Reliability — reproducibility or consistency of assessment scores within a sample of participants — is a major initial quantitative “quality index” of the assessment data as well as essential evidence toward the overall validity. However, as with any other validity evidence, its use alone is not sufficient for arguing overall validity. Reliability alone has limited usefulness because it indicates only that an assessment’s items measure something consistently. Reliability does not indicate what knowledge, skills and/or abilities are being measured. Thus, along with reliability, other validity evidence is crucial before any validity conclusions can be made.

While seeking reliability evidence, researchers should select the most appropriate type and explicitly identify this type while reporting a SoTL study. Two common types of reliability include internal consistency reliability and inter-rater reliability. The first is particularly relevant for many SoTL investigators. The internal consistency reliability index shows the extent to which patterns of responses are consistent across items on a single test occasion, whereas the inter-rater reliability index indicates consistency across raters and is reported when judges or scorers are involved. That said, it is also possible and sometimes necessary to report more than 1 reliability index (eg, when using multiple educational tests). In many instances, reliability is specific to each use of an assessment and can change when the assessment is used with another group or when an assessment is even slightly modified. Thus, it is prudent to report reliability for every occasion within any scholarship.12

Reliability can be relative or absolute.13,14 When repeated measurements are used, relative reliability refers to a consistency or reproducibility of rankings of scores in a sample, whereas absolute reliability refers to the degree to which individual scores are reproduced (eg, when judges agree on 1 specific score). A relative reliability index can be helpful when student performances are ranked in relation to 1 another, whereas absolute reliability could be helpful when the focus is on specific scores from an evaluation. Of the 2, absolute reliability is often omitted, even though it is considered by some to be of greater clinical15 and educational16-18 value. Standard error of measurement (SEM) is a recommended absolute reliability index to report, whereas internal consistency reliability would be a choice as relative reliability index. That said, both absolute and relative reliability should be assessed when appropriate.

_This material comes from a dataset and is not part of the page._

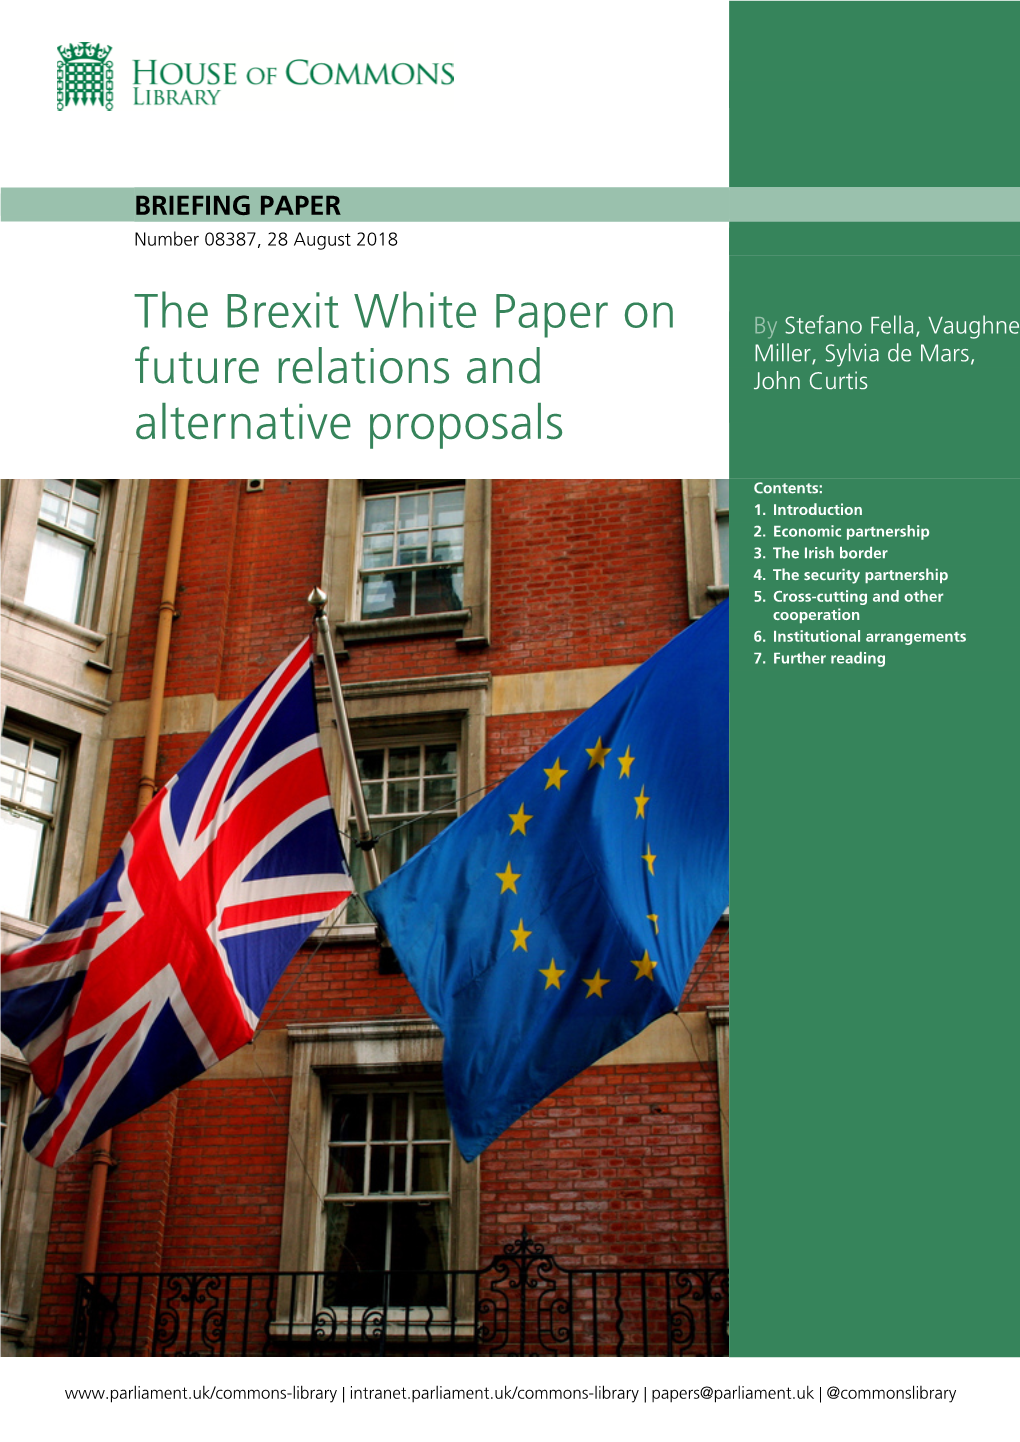 The Brexit White Paper on Future Relations and Alternative Proposals

Internal Consistency Reliability

Internal consistency reliability is the relative reliability of items within an assessment. It is most easily obtained for a quiz or examination wherein all the items are on the same scale and in the same format (eg, multiple-choice, short-answer, or longer-answer clinical cases). Cronbach alpha is typically calculated when the questions on a test are on a rating scale, while a Kuder-Richardson formula 20 (KR-20) is applied to dichotomous (yes/no) or multiple-choice testing with only 1 correct answer. Commonly accepted ranges for internal consistency reliability are widely available, and often a coefficient >0.7 is sufficient for a classroom test used in SoTL (ie, some random inconsistency is not only expected but also allowed because no measurement can ever be perfect). However, life-changing decisions necessitate higher reproducibility of test scores, and internal consistency should be >0.80 or >0.90 on high or very high-stakes assessments.19 In an example of reporting this relative internal consistency reliability type, the authors not only reported Cronbach’s alpha for each of their 4 assessments but also evaluated their indices against their minimum a priori Cronbach alpha level.20

When internal consistency reliability is low, there are several ways to improve it. The most common strategies include: increasing the number of response options/distractors (eg, 5 possible answers instead of 3), and using a greater number of related questions on a test, including items that range in difficulty so that the test would not discourage low-ability students but would still be challenging enough for high-ability students. Notable sources suggest that the number of response options should be limited21 and that reliability may actually decrease if those extra distractors are not plausible. Some of the above strategies require only content expertise while others rely on the researcher’s knowledge of computing item-discrimination and item-difficulty indices. A detailed discussion of these item-analysis indices is beyond the scope of this paper but can be found in other sources.22 Researchers are strongly encouraged to evaluate and, if necessary, improve internal consistency reliability of their tests to improve precision of their assessments and ultimately influence the accuracy of conclusions and decisions based on the results.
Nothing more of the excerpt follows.